2. **Feature Interactions:** Interactions between features (e.g., Latitude * Longitude) capture combined effects critical to the target.
3. **Sufficient Data:** The dataset (~20,640 samples) can support additional features without severe overfitting, especially with regularization.
4. **Domain Knowledge:** Features like income or location are known to have non-linear or interactive effects on house prices.

### When to Avoid Polynomial Regression:

1. **Noisy or Weak Features:** Polynomial terms for noisy or weakly predictive features amplify noise (e.g., Population’s outliers).

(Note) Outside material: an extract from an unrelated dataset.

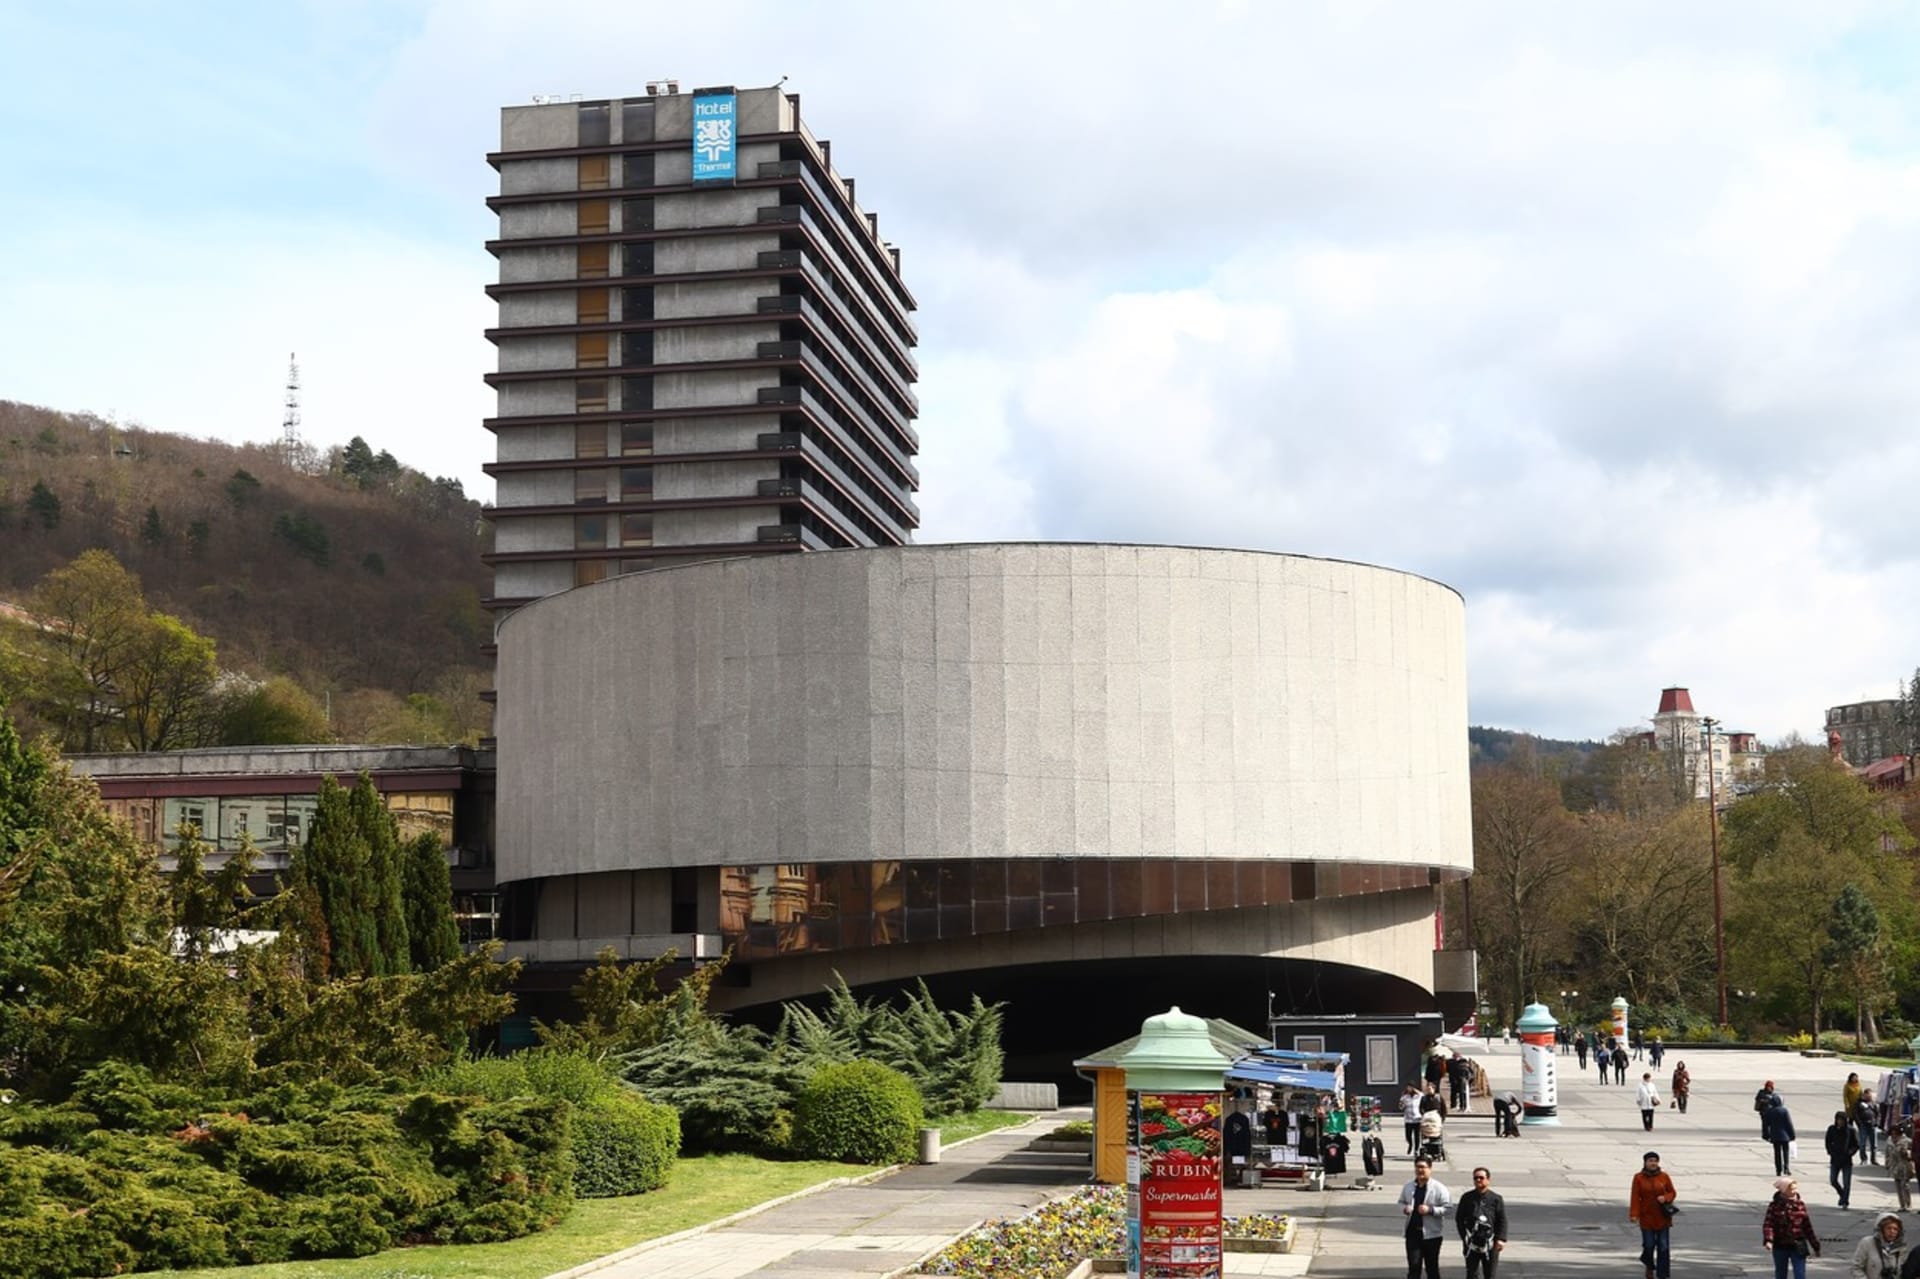 Budova hotelu Thermal a její brutalismus

2. **High Dimensionality:** Applying high-degree polynomials to all features causes feature explosion (e.g., degree=2 for 8 features yields 45 features), risking overfitting and computational cost.
3. **Categorical Features:** Polynomial terms are meaningless for one-hot encoded variables like ocean_proximity.